Доверяю ли я людям? Да, глупо, но доверяю. Для меня трудно устанавливать тесный контакт с публикой, но иногда, если повезет, мне удается это.
Так долго вместе прожили, что вновь
второе января пришлось на вторник,
что удивленно поднятая бровь,
как со стекла автомобиля — дворник,
с лица сгоняла смутную печаль,
незамутненной оставляя даль.
Так долго вместе прожили, что снег
коль выпадет, то думалось — навеки,
что, дабы не зажмуривать ей век,
я прикрывал ладонью их, и веки,
не веря, что их пробуют спасти,
метались так, как бабочки в горсти…
У меня перегружена память. Чем больше человек хранит в памяти, тем ближе он к смерти. Объем заполнен. Невозможно больше управлять мыслями. И все же вспоминать прошлое гораздо приятней, чем задумываться о будущем. Есть ощущение, что смерть может прийти раньше, до того, как я буду готов, придет не в срок. Меня не привлекает загробная жизнь. Она лишена для меня интереса.
Есть безотлагательная потребность творить.
…Жизнь, которой,
как дареной вещи, не смотрят в пасть,
обнажает зубы при каждой встрече.
От всего человека вам остается часть
речи. Часть речи вообще. Часть речи.
ЕВРОПЕЙСКИЙ ВОЗДУХ НАД РОССИЕЙ
Анни Эпельбуэн
Журнал "Странник", выпуск первый, 1991 год
Это слишком большая тема. Единственное, о чем я могу говорить, — это исключительно о своих привязанностях. Где-то в конце пятидесятых — в начале шестидесятых годов произошел, так сказать, поэтический взрыв. По сравнению с тем, что вообще происходило в России на протяжении сороковых — пятидесятых годов, это действительно носило характер взрыва. Возникла довольно большая группа людей, которые занимались стихосложением. В различных домах культуры, в издательствах, при университете существовали так называемые литературные объединения, которые явились, можно сказать, сборными пунктами, вокруг них вращались вот эти самые начинающие поэты. От предшественников, то есть оттого, что происходило в русской советской поэзии в ту пору, их отличало прежде всего значительное формальное своеобразие… Дело в том, что на протяжении двадцати или тридцати лет в советской поэзии существовало некое стилистическое плато, которое было продиктовано самыми разными обстоятельствами: диктатом цензуры, классицистическими требованиями соцреализма и т. д. и т. д. То есть уроки десятых, двадцатых и даже тридцатых годов были не то чтобы забыты, а стали как бы табу. И вот в конце пятидесятых — начале шестидесятых про изошел взрыв, когда все то, что было создано русской поэзией, вдруг снова вернулось к жизни. Ну, это примерно как закон, что количество энергии, выданное в мир, никогда не пропадает бесследно, формальные достижения конструктивизма или, скажем, футуризма вновь дали себя знать. Хотя, казалось бы, никаких предпосылок к тому не было.

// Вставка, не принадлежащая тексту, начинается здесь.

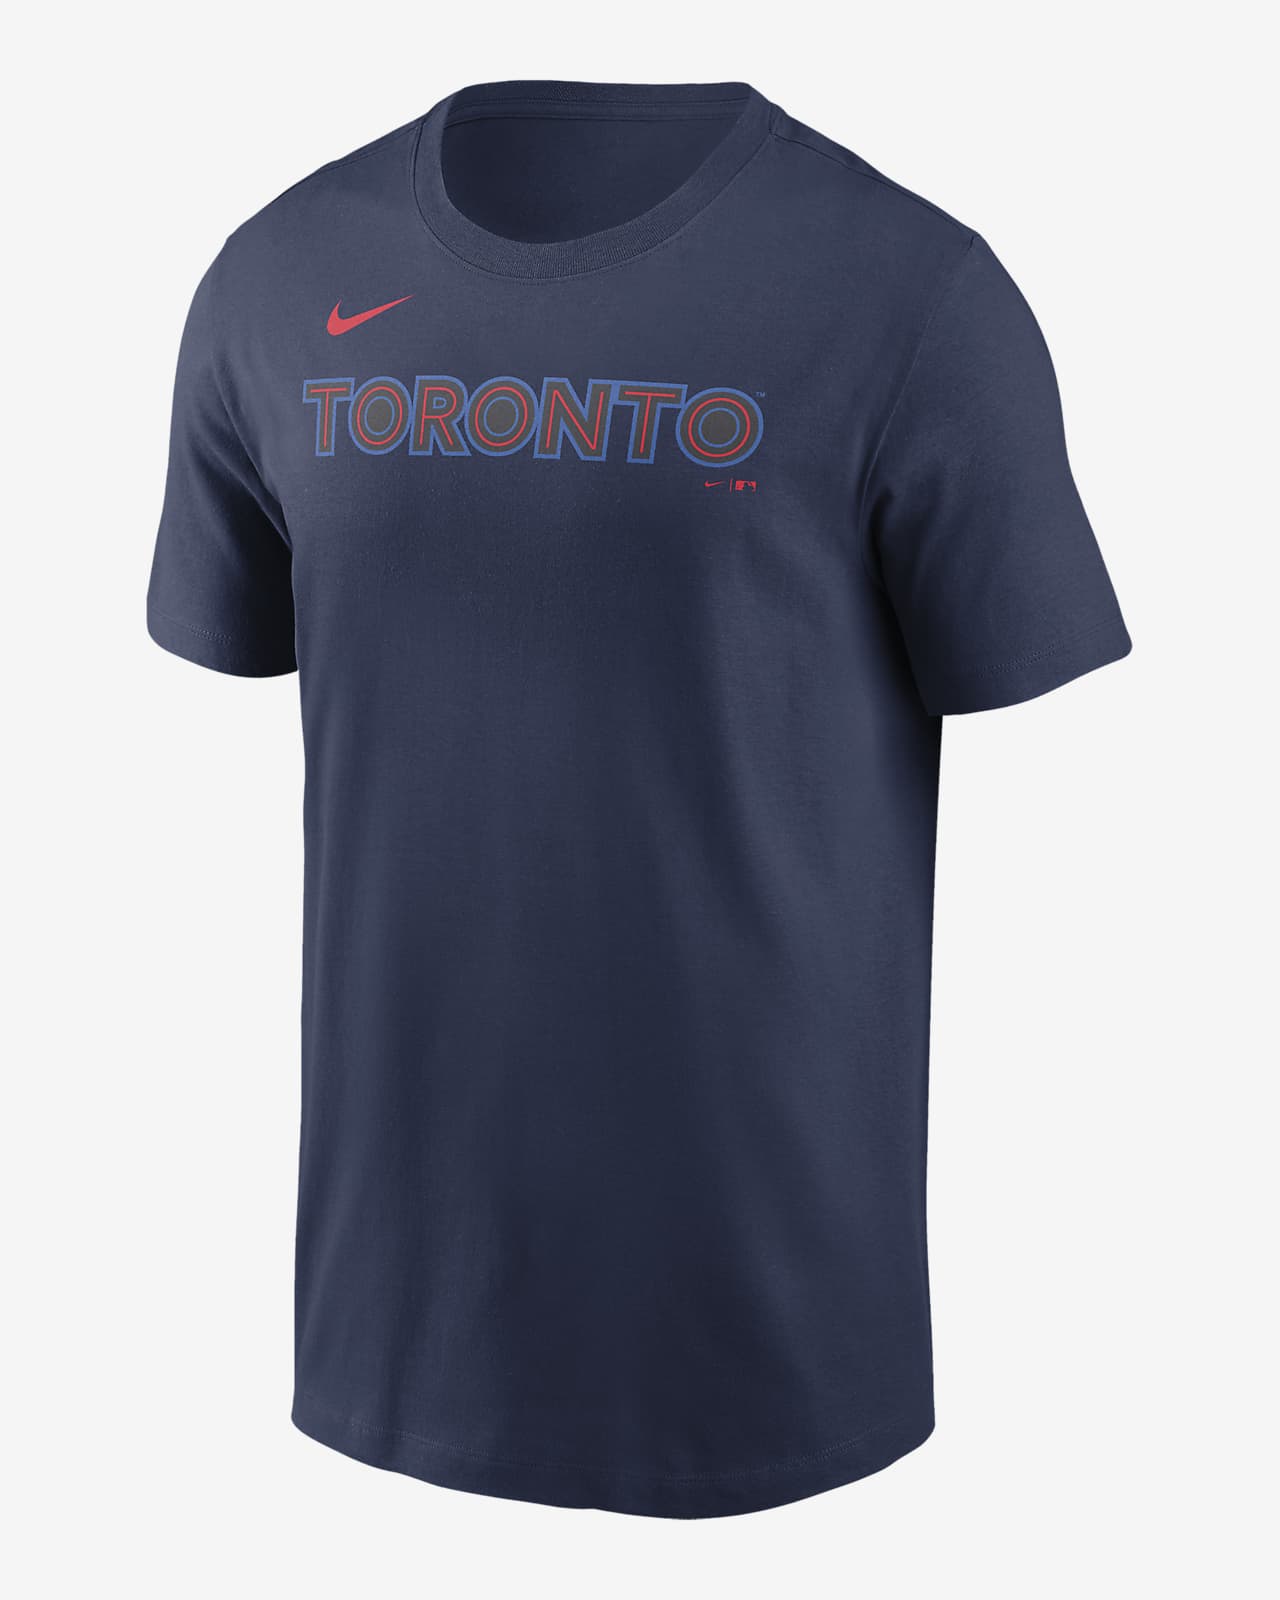 Playera Nike de la MLB para hombre Toronto Blue Jays City Connect Wordmark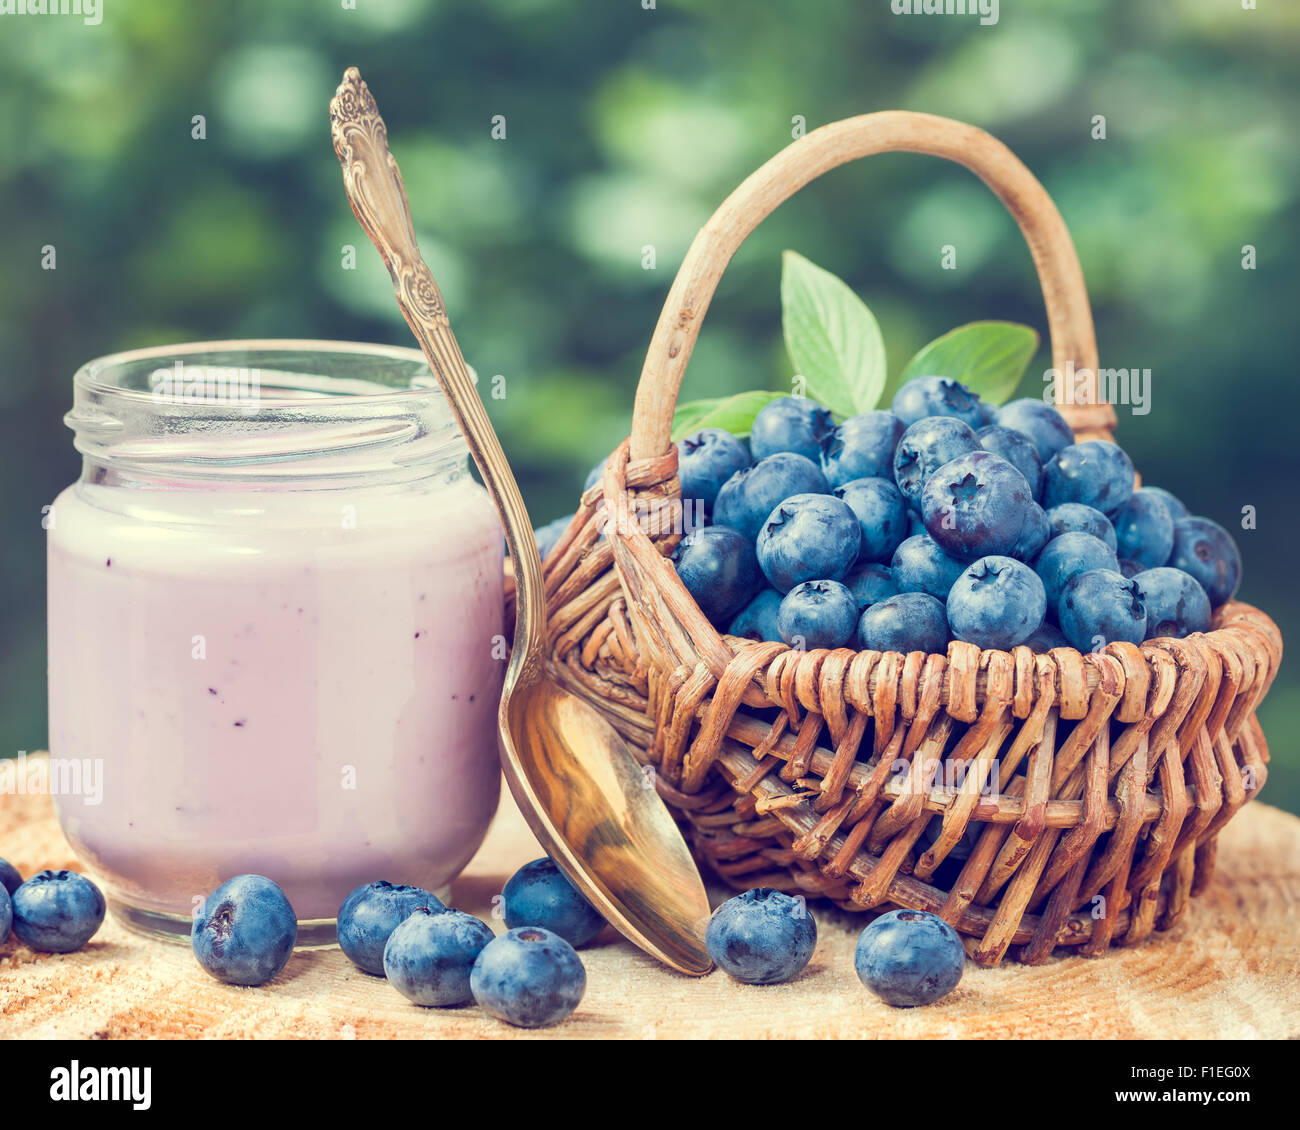 Fresh blueberries yogurt in glass jar and wicker basket with bilberries. Stock Photo

То, чем занимались эти самые более или менее молодые поэты конца пятидесятых — начала шестидесятых, чрезвычайно напоминало, скажем, раннего Пастернака, немножко Маяковского, Хлебникова, до известной степени Крученых и Заболоцкого… То есть Пастернак, Хлебников и другие, как бы сказать, дали свои побеги, как растение, как зерно, положенное в землю. И вдруг это все проросло. Во многих случаях имел место просто творческий импульс молодости, когда почти что всякий пишет стихи. Только несколько человек стали более или менее серьезными авторами, с которыми и сегодняшнему читателю современной поэзии или тому, кто интересуется русской поэзией, приходится считаться. Имена… Я думаю, я сначала назову имена, а потом мы займемся каждым из них в отдельности. Это прежде всего Евгений Рейн, Глеб Горбовский, Александр Кушнер, Владимир Уфлянд, Михаил Еремин до известной степени. Это примерно те, чье творчество играет довольно серьезную роль в русской поэзии лаже сегодня.